§ Description of the task: Output the line that contains "Barro Crema 20x20 (caja 1 m2)" together with each line after it, through the final line of the listing below, word for word; omit pictures.

§ Supplied material:
##########

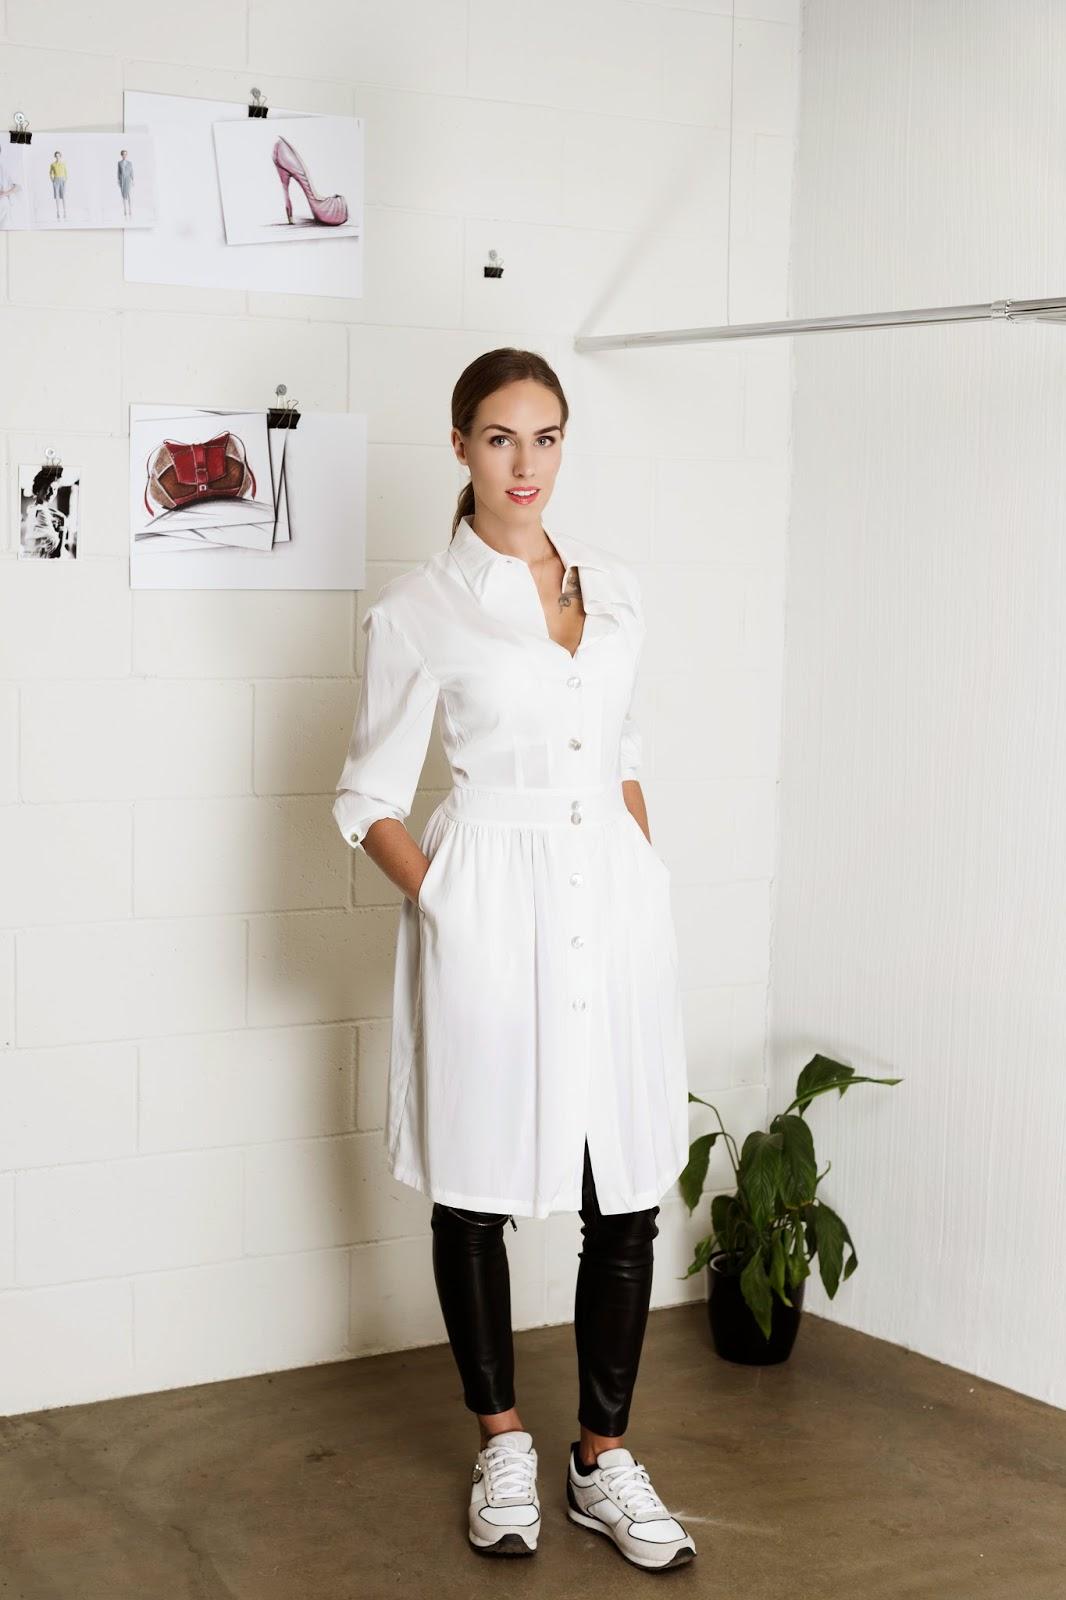 kristjaana mere zero popup store enia joost white dress
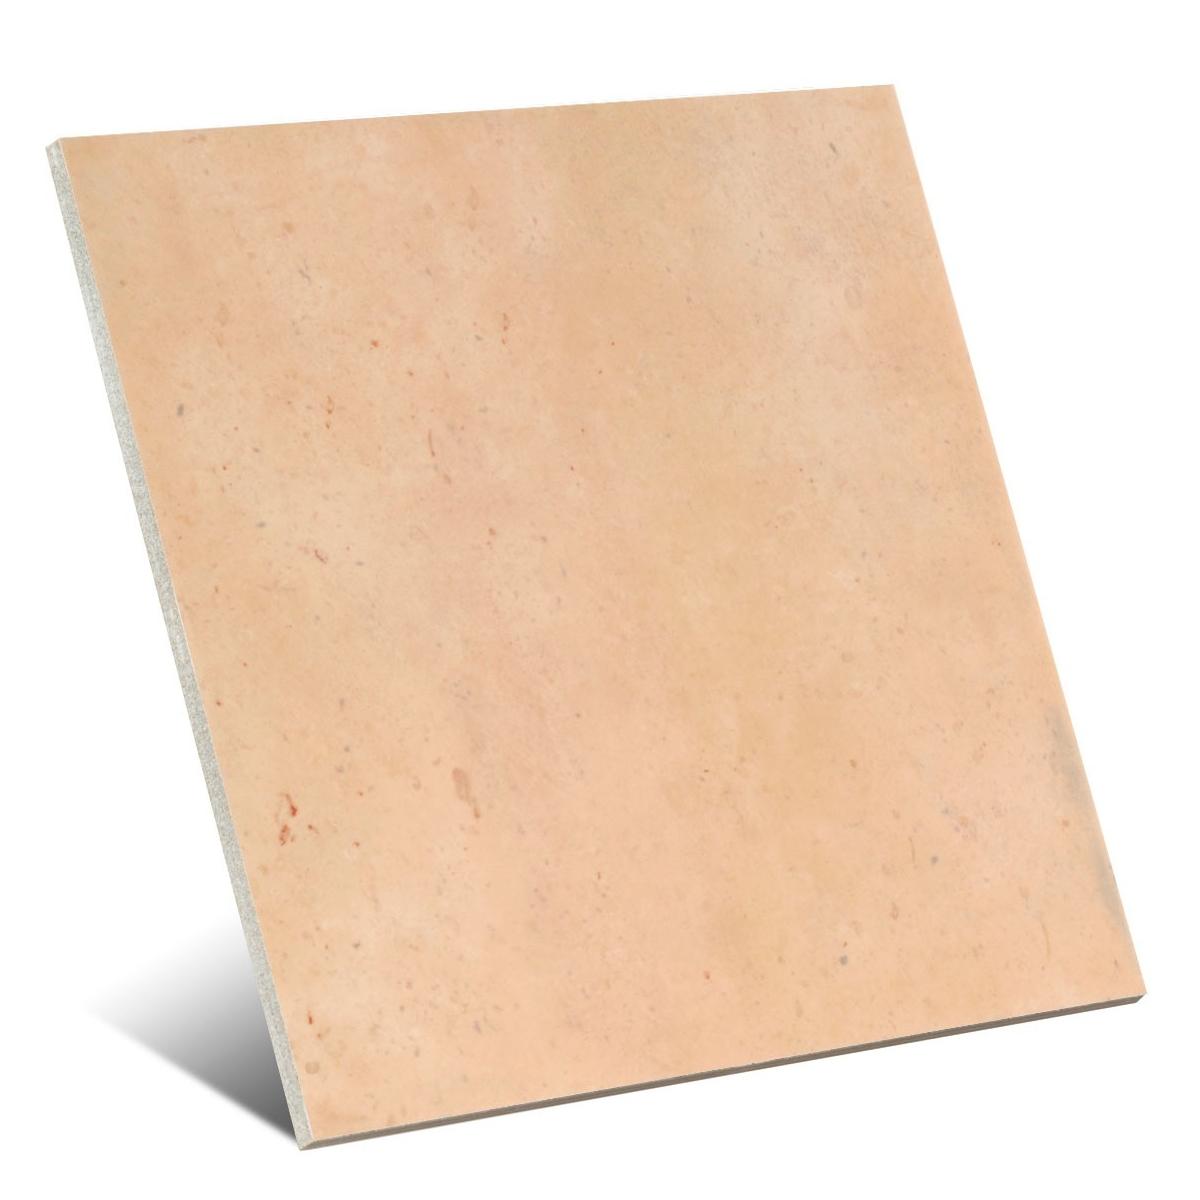 Barro Crema 20x20 (caja 1 m2)
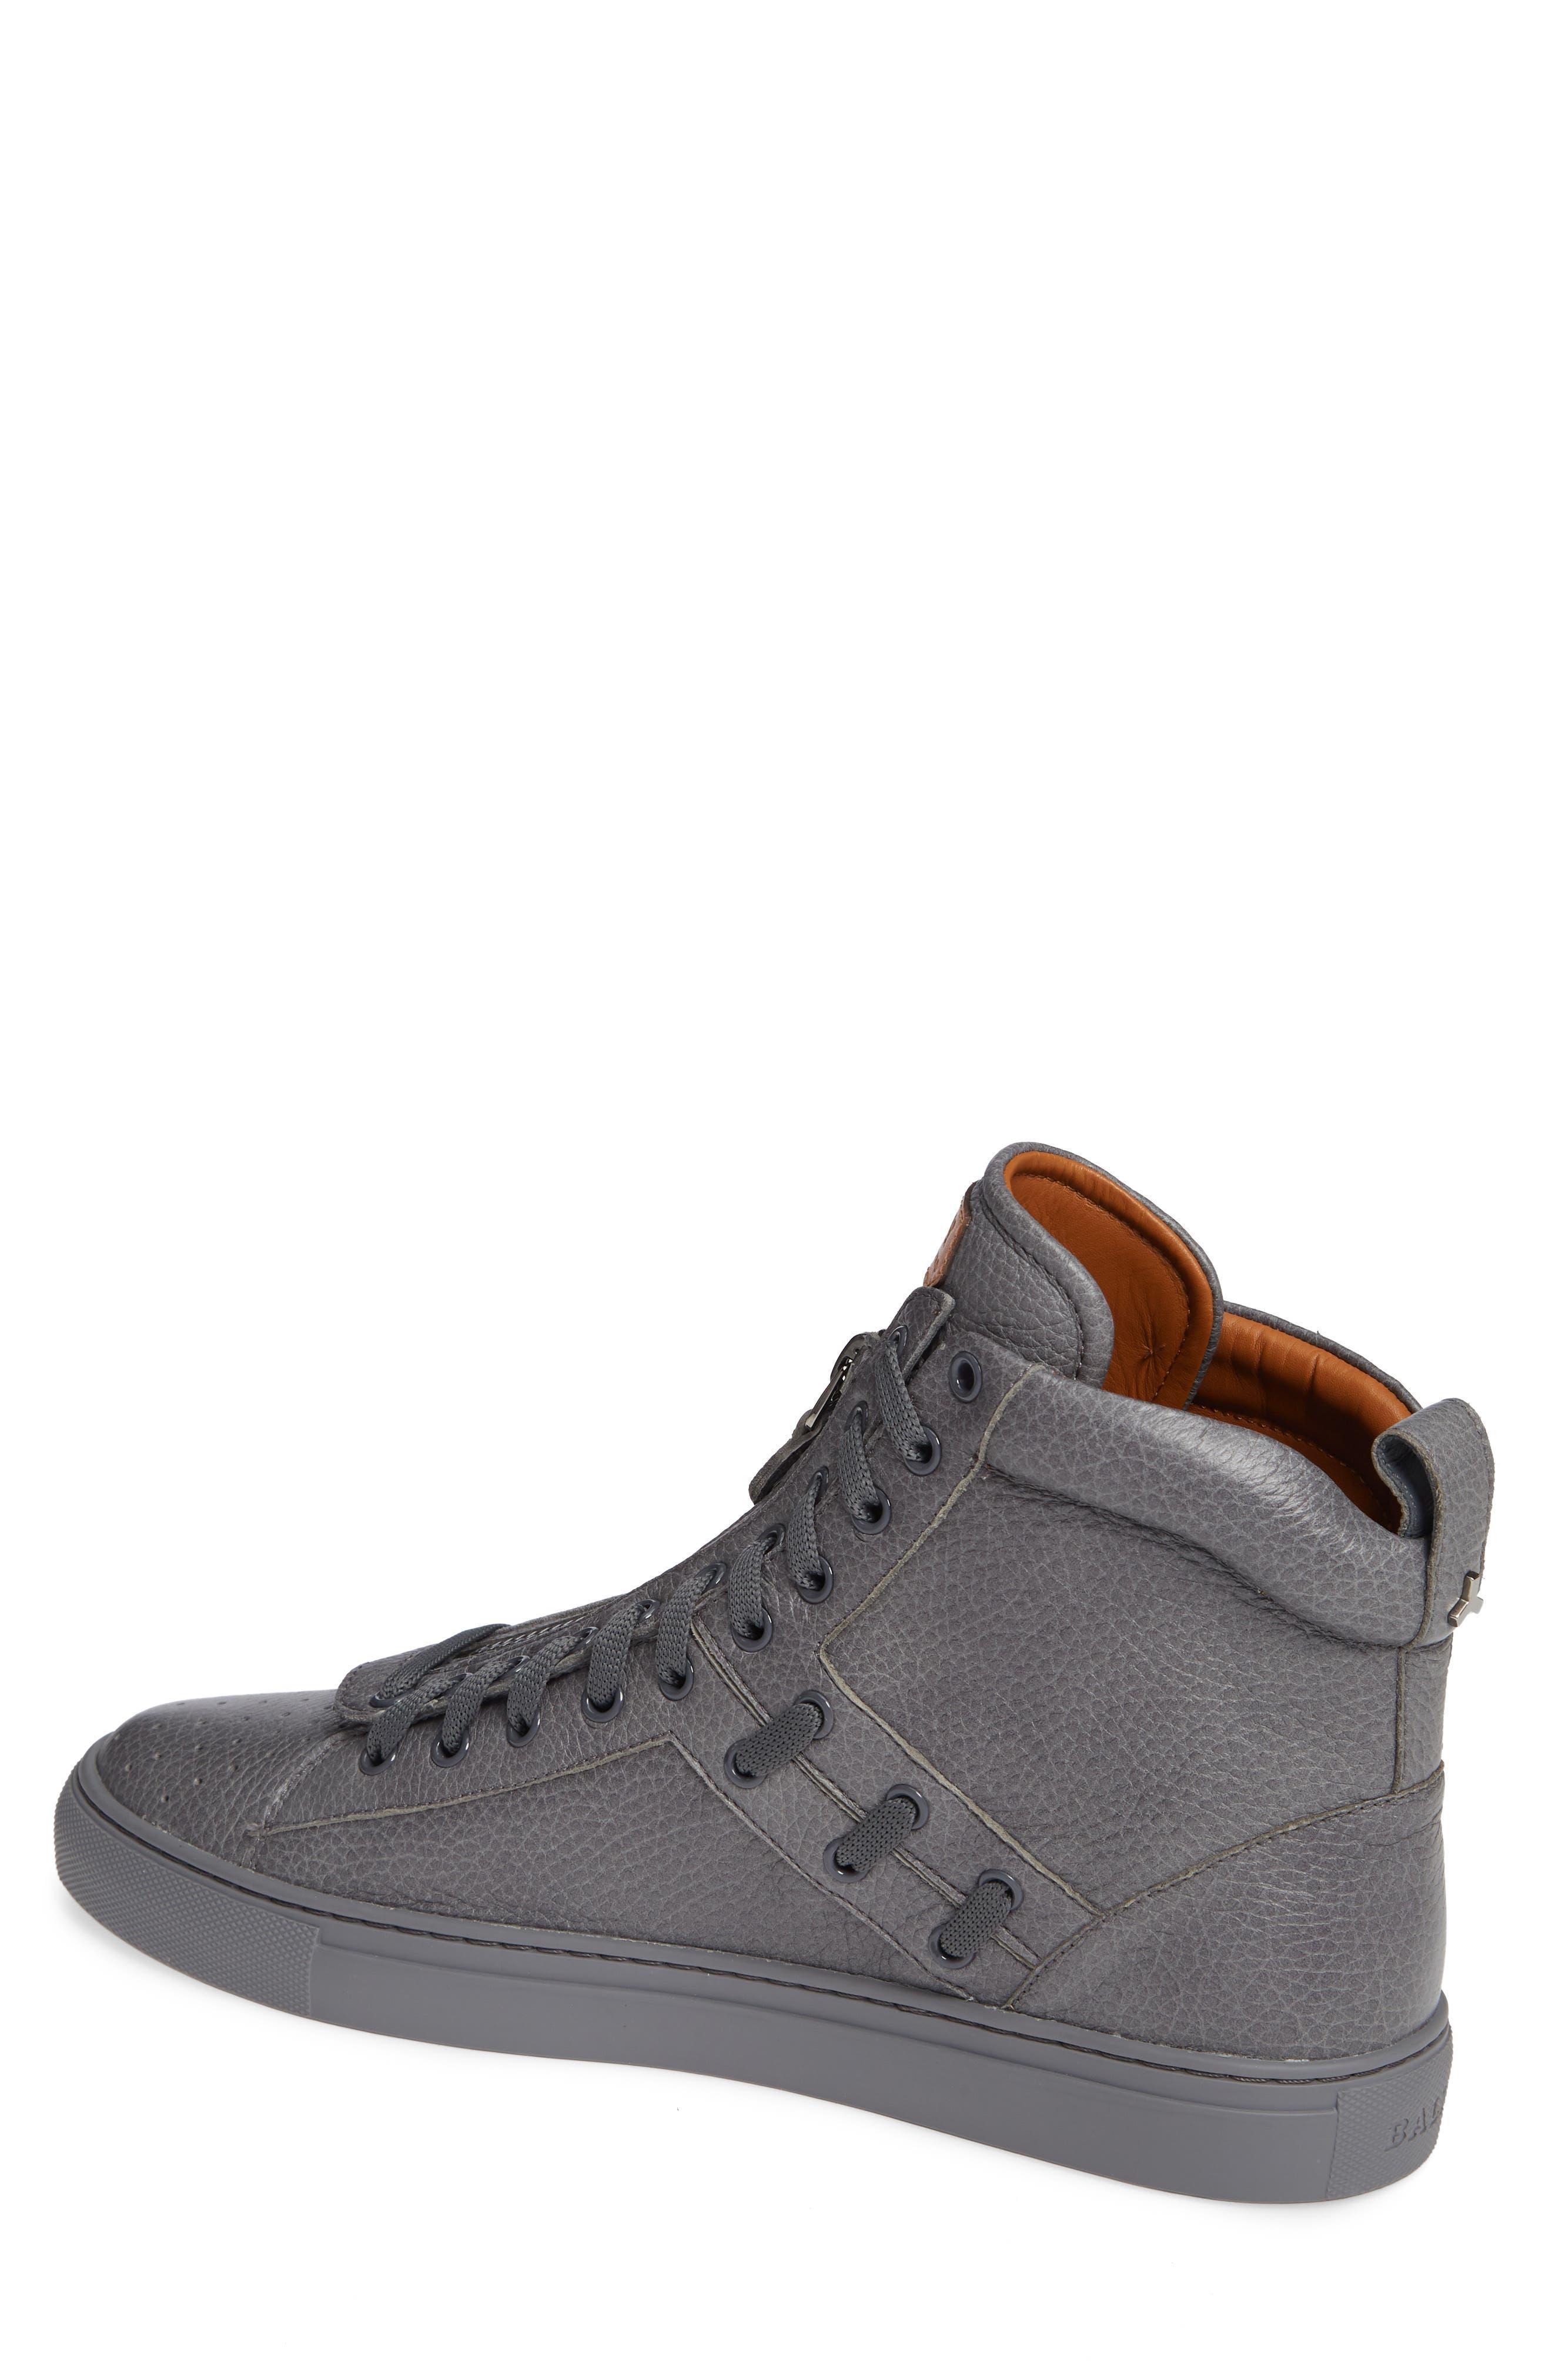 Hekem High-Top Sneaker,                             Alternate thumbnail 2, color,                             GARCONE GREY

##########

§ Answer:
 Barro Crema 20x20 (caja 1 m2)
 Hekem High-Top Sneaker,                             Alternate thumbnail 2, color,                             GARCONE GREY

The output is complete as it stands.